В «Диогене» не было ни каминов, ни старинных кресел, но там все равно рассказывали истории.

В основном в клубе пили мужчины, хотя время от времени появлялись и дамы, а Нора даже приобрела изящный предмет обстановки в виде помощницы, златовласой польки, которая обращалась ко всем «даракуша» и опрокидывала рюмочку всякий раз, когда оказывалась за барной стойкой. Нагрузившись по самое не хочу, она сообщала всем и каждому, что происходит из графского рода, и умоляла сохранить эту тайну и не рассказывать никому.

Разумеется, в клуб захаживали актеры и писатели.
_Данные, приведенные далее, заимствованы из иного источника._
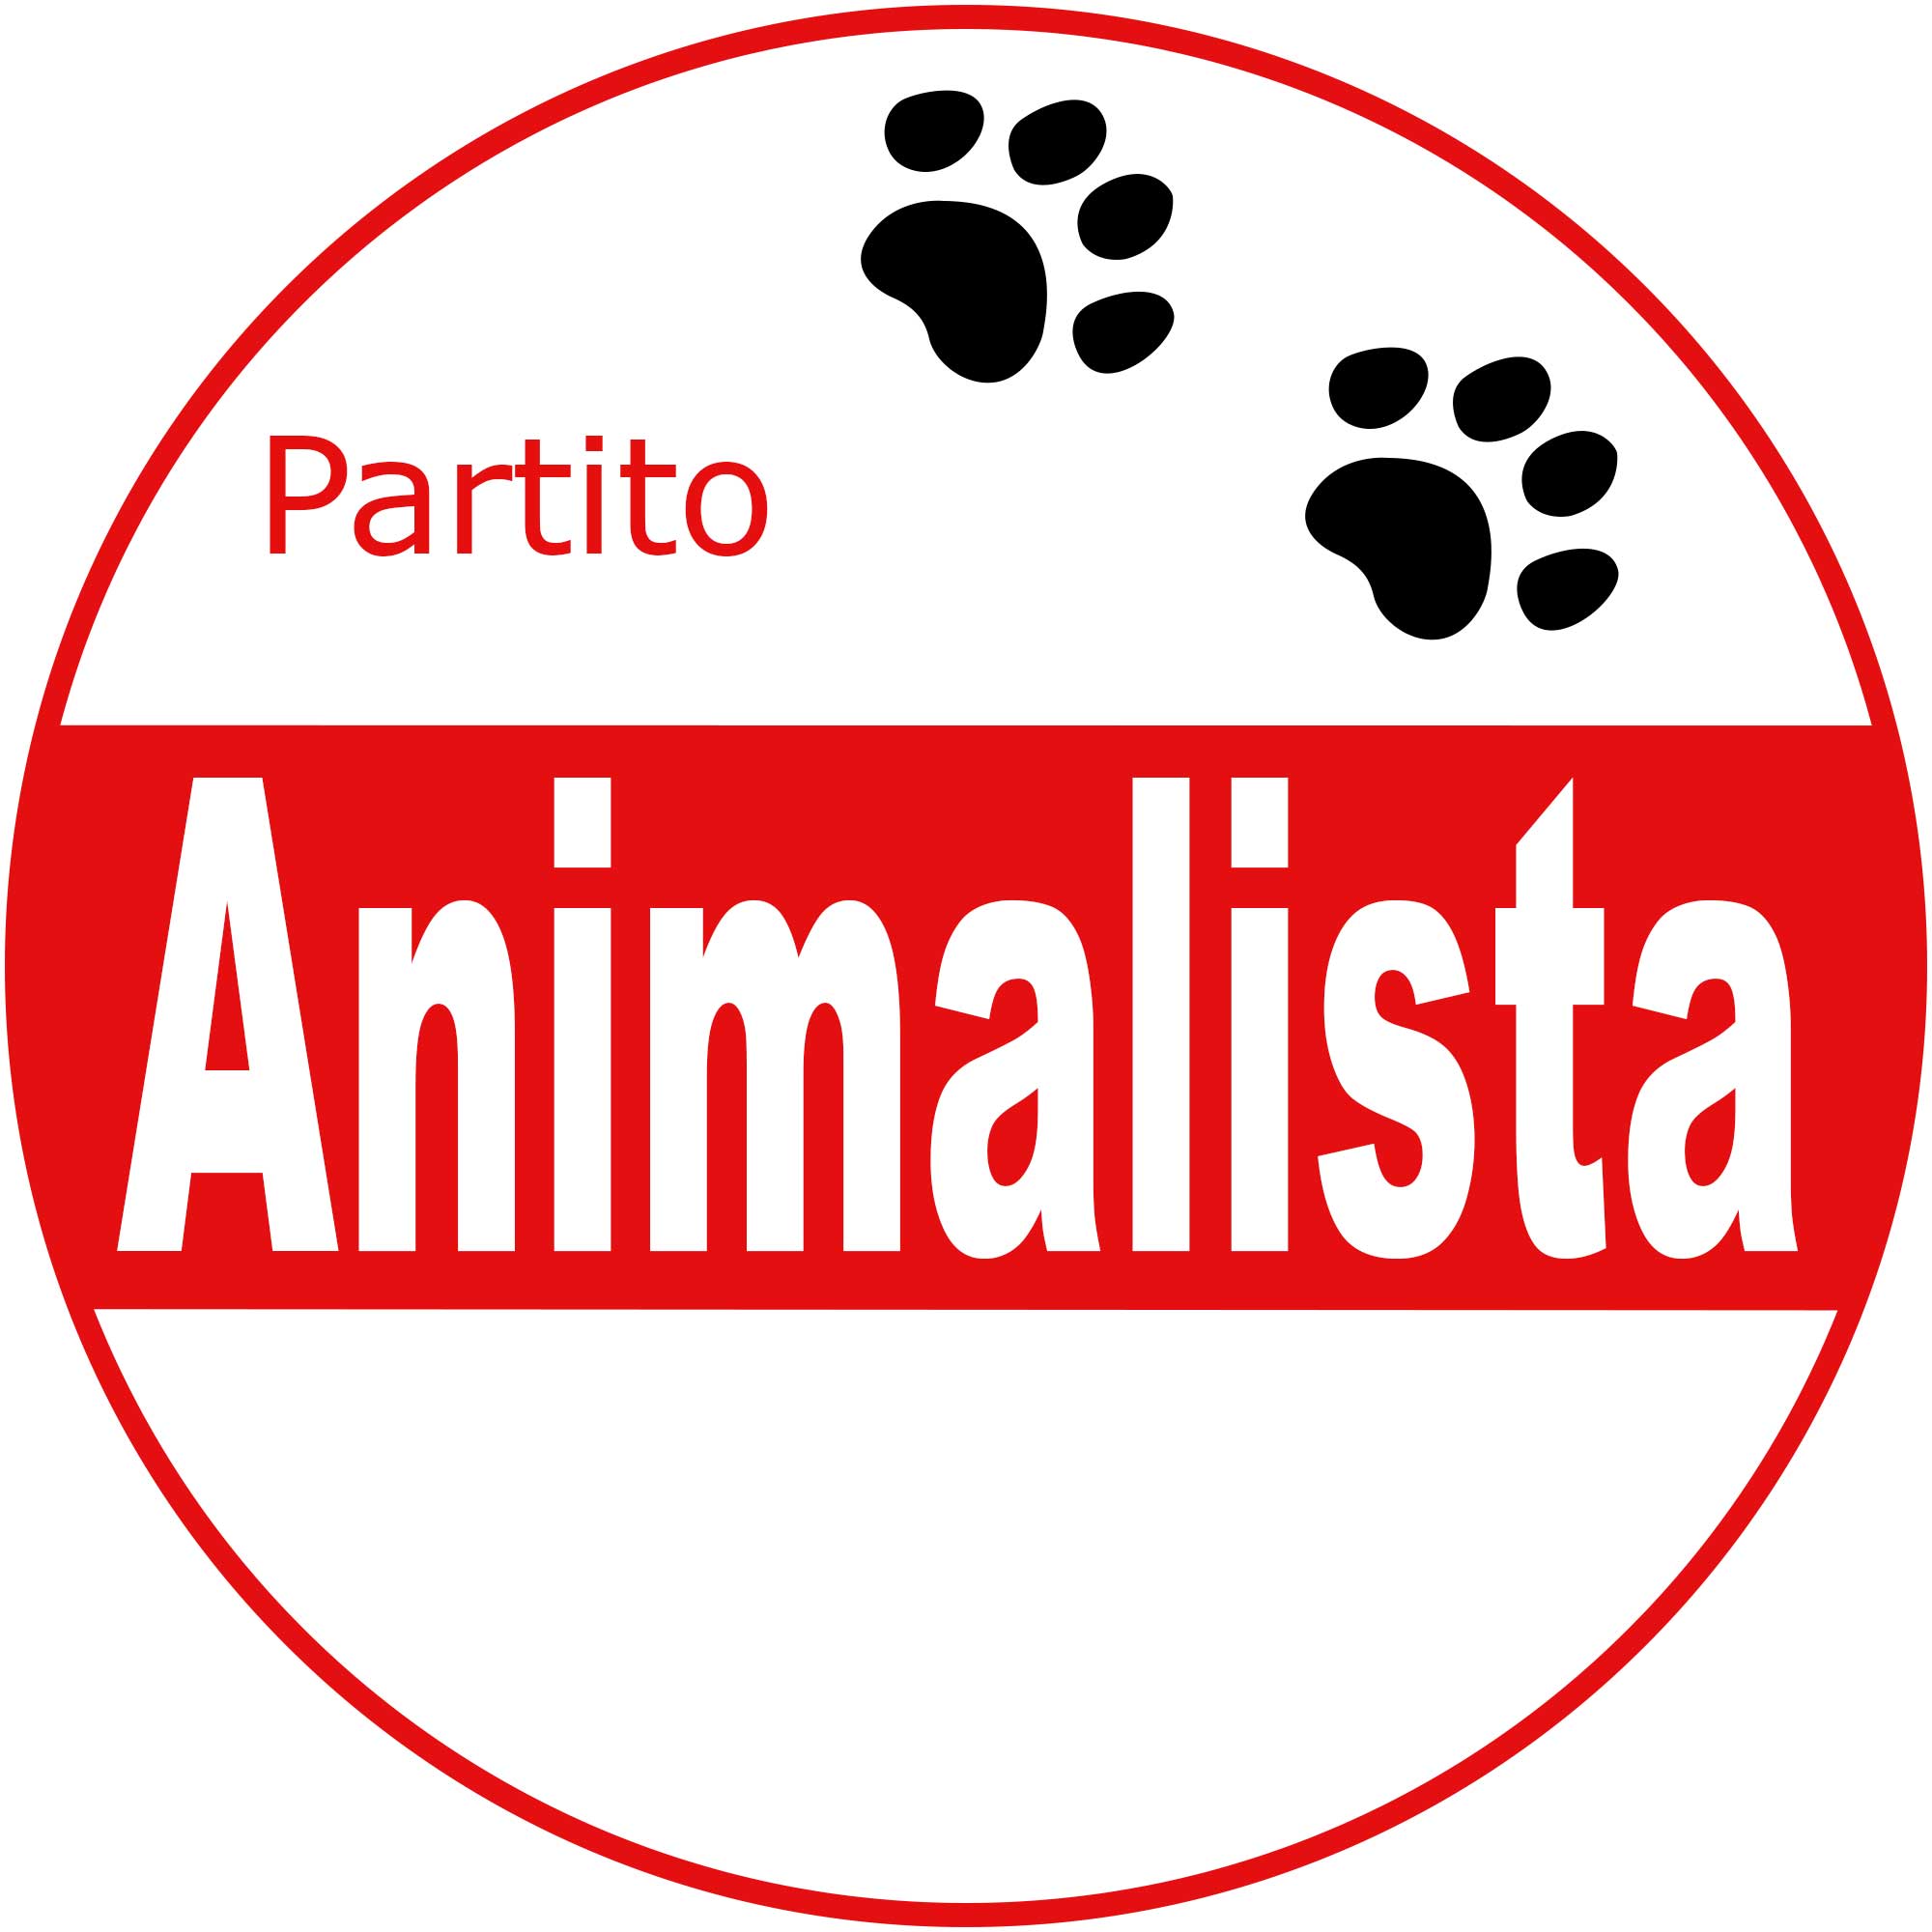 Partito Animalista

Монтажеры, радиоведущие, полицейские и забулдыги. Люди со свободным графиком. Люди, которые задерживались допоздна или не хотели идти домой. Иногда там собиралось человек двенадцать, а то и больше. А бывало, я забредал туда и оказывался единственным посетителем – в таких случаях я брал один виски, выпивал его и уходил.

В тот вечер шел дождь, и после полуночи в клубе осталось четверо.

Нора с товаркой сидели у стойки, трудились над сценарием своего комедийного шоу. Главной героиней в нем была веселая толстушка, владелица питейного клуба, и ее чокнутая помощница, аристократическая заграничная блондинка, которая смешно коверкала английские слова. Похоже на «Будем здоровы»[13]13
  «Будем здоровы» («Cheers», 1982–1993) – американский ситком, действие которого происходит в бостонском баре «Будем здоровы», где регулярно встречается группа завсегдатаев; один из центральных персонажей – бармен Сэм Мэлоун, бывший бейсболист и алкоголик в завязке.


[Закрыть]
, говорила всем Нора. Комичного еврея-домохозяина назвали в мою честь. Иногда Нора показывала мне сценарий.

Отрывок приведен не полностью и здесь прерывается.